*ASSIGNED TASK*:
Quote the lines of the data below verbatim, beginning at the line that contains "Salina Springs (DEC" and ending at the last line, both included, and excluding pictures.

*STORED DATA*:
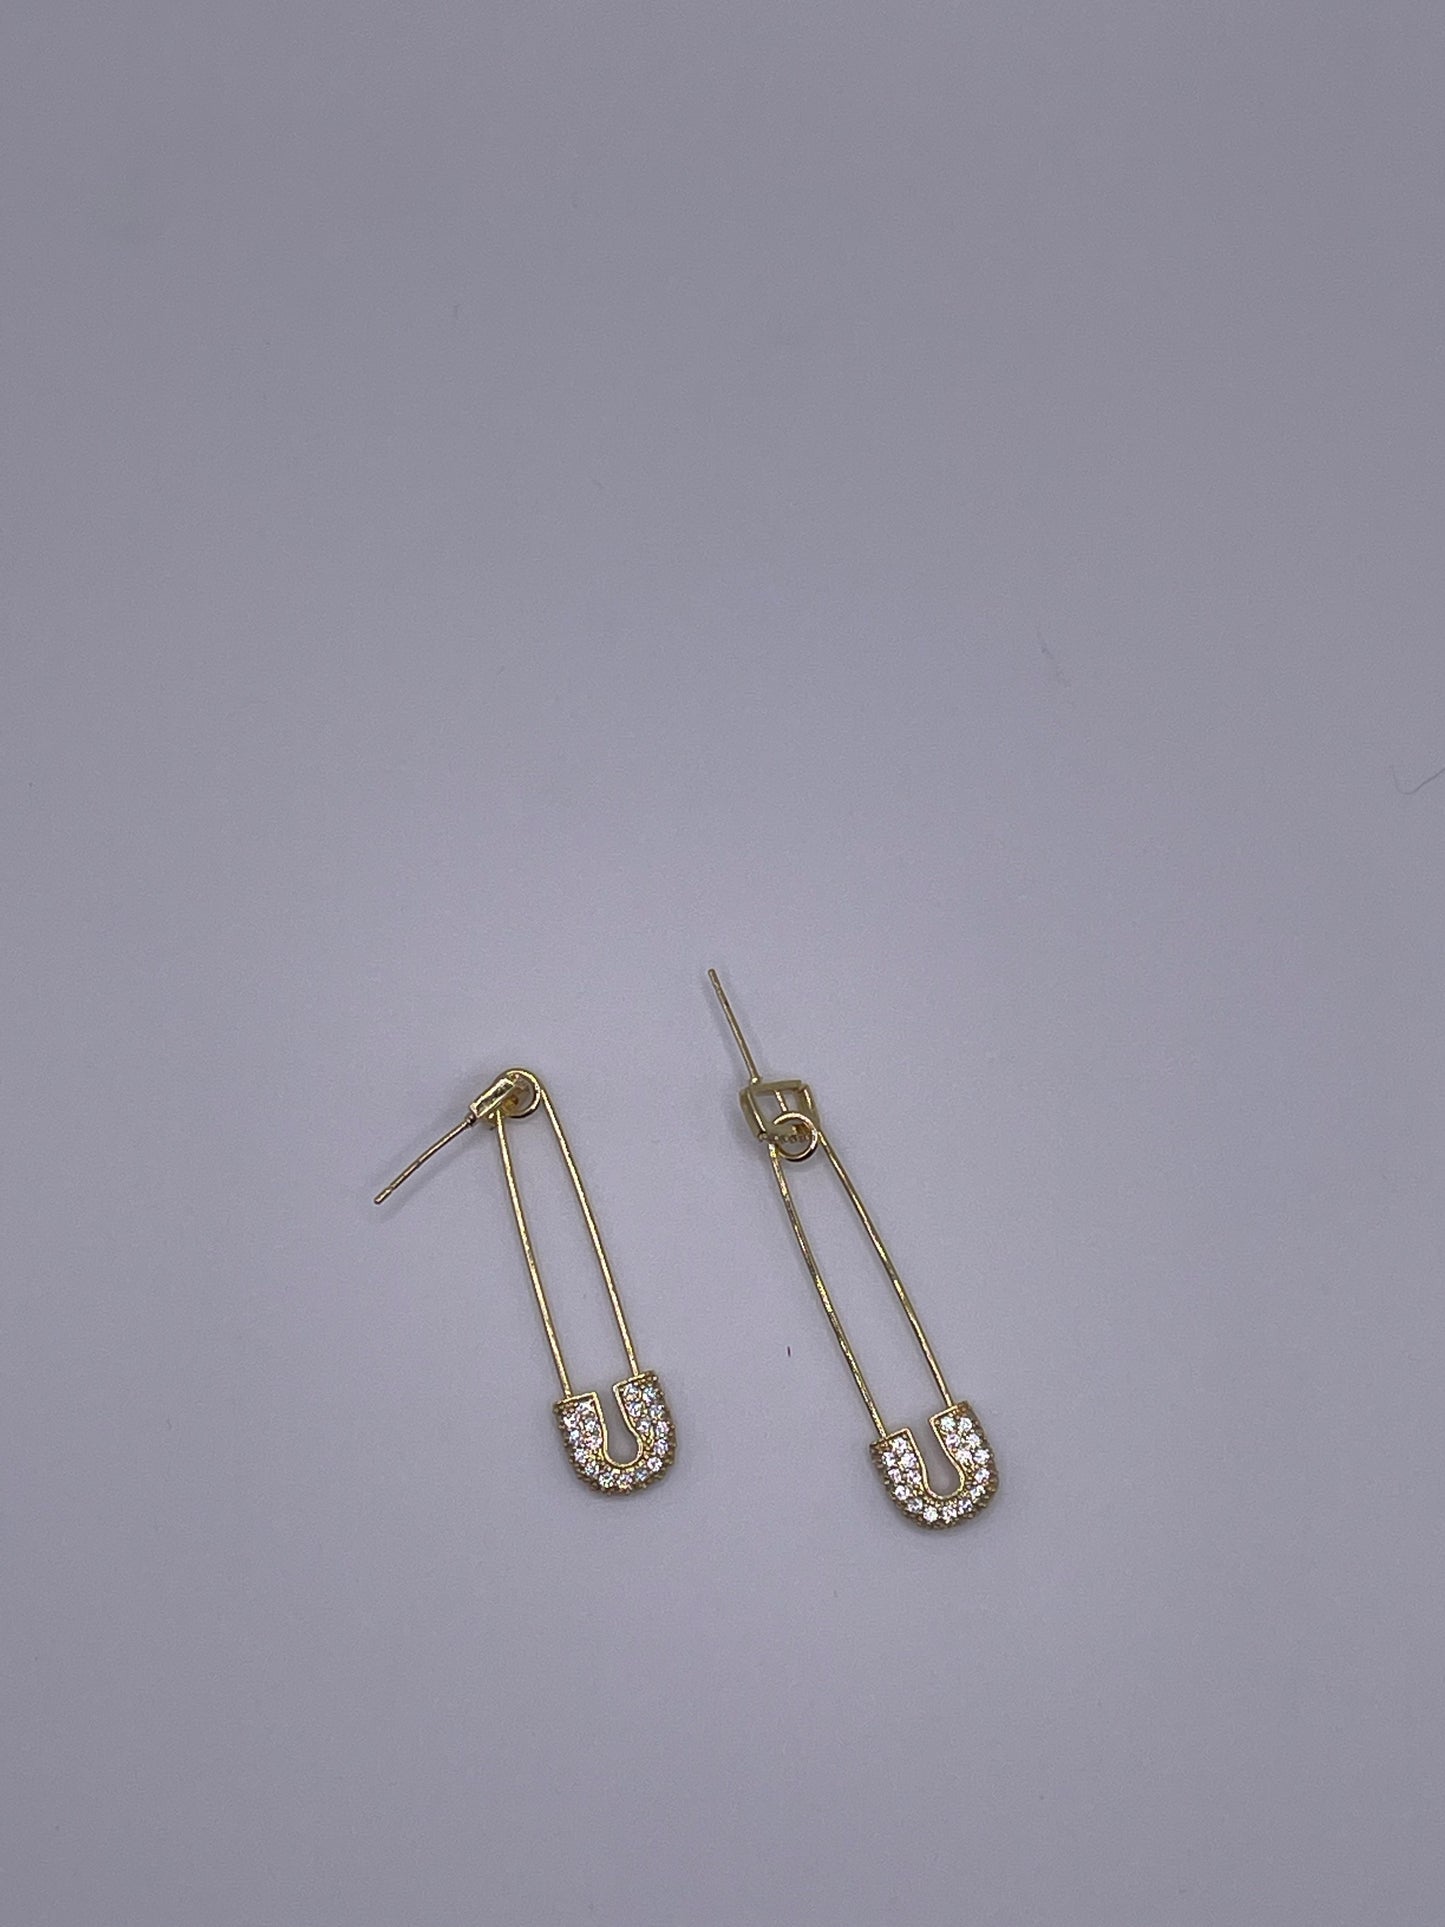 CZ Dangling Safety Pin Earrings
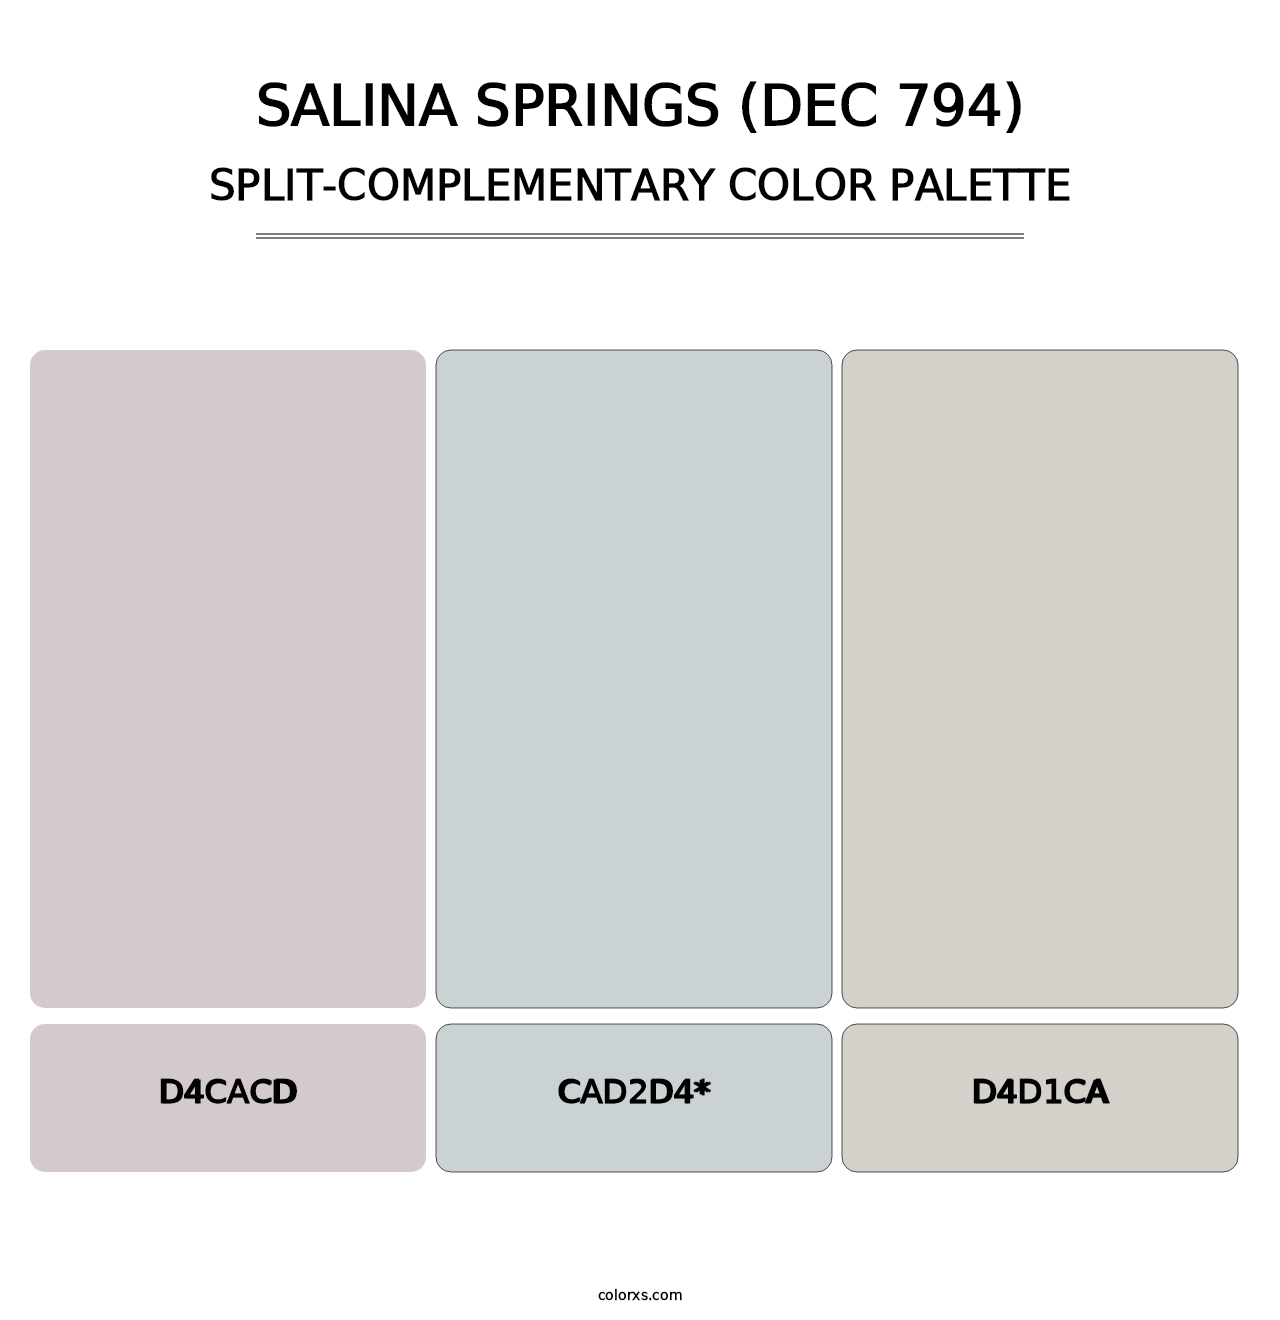 Salina Springs (DEC 794) - Split-Complementary Color Palette
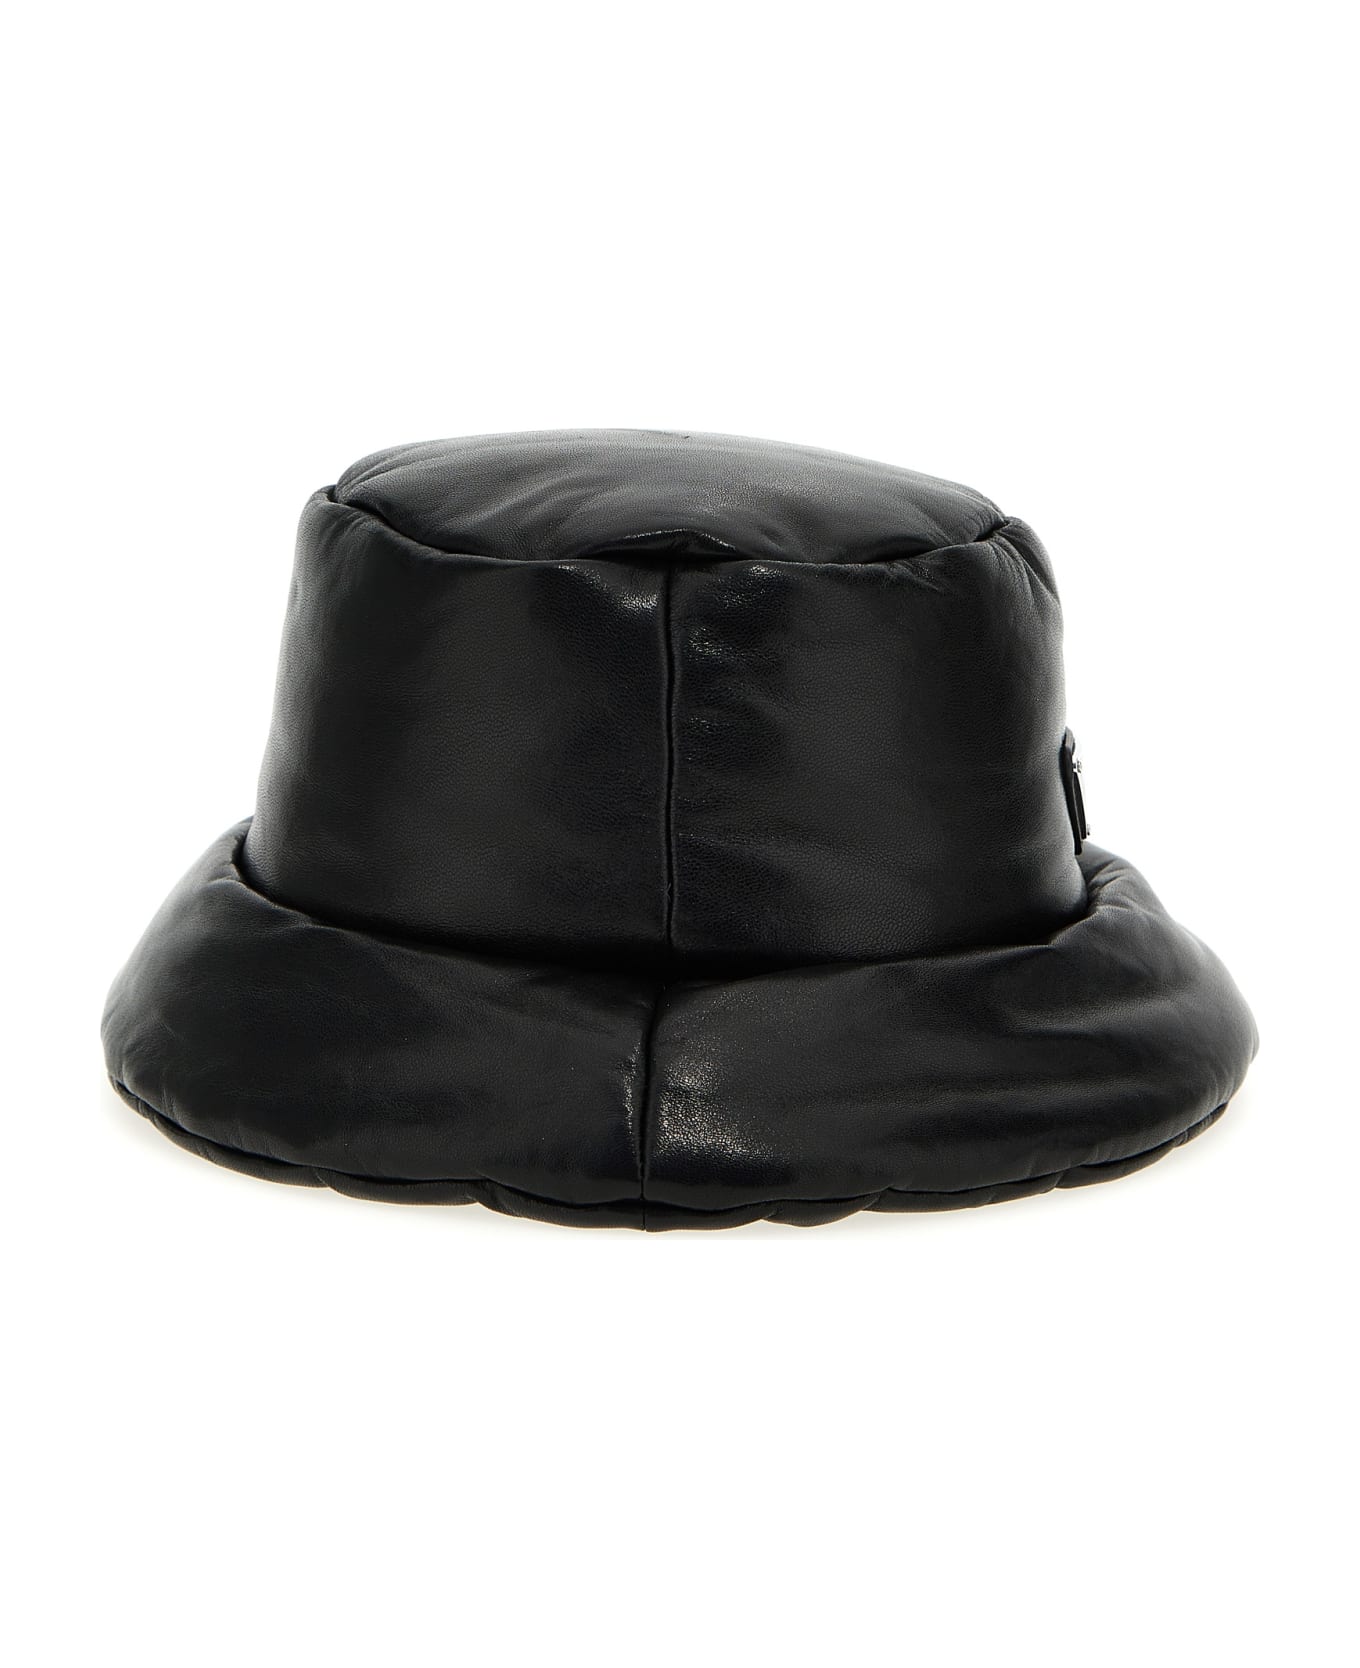 Prada Leather Logo Hat - Black ヘアアクセサリー

*RESPONSE TO THE EXERCISE*:
 Salina Springs (DEC 794) - Split-Complementary Color Palette
 Prada Leather Logo Hat - Black ヘアアクセサリー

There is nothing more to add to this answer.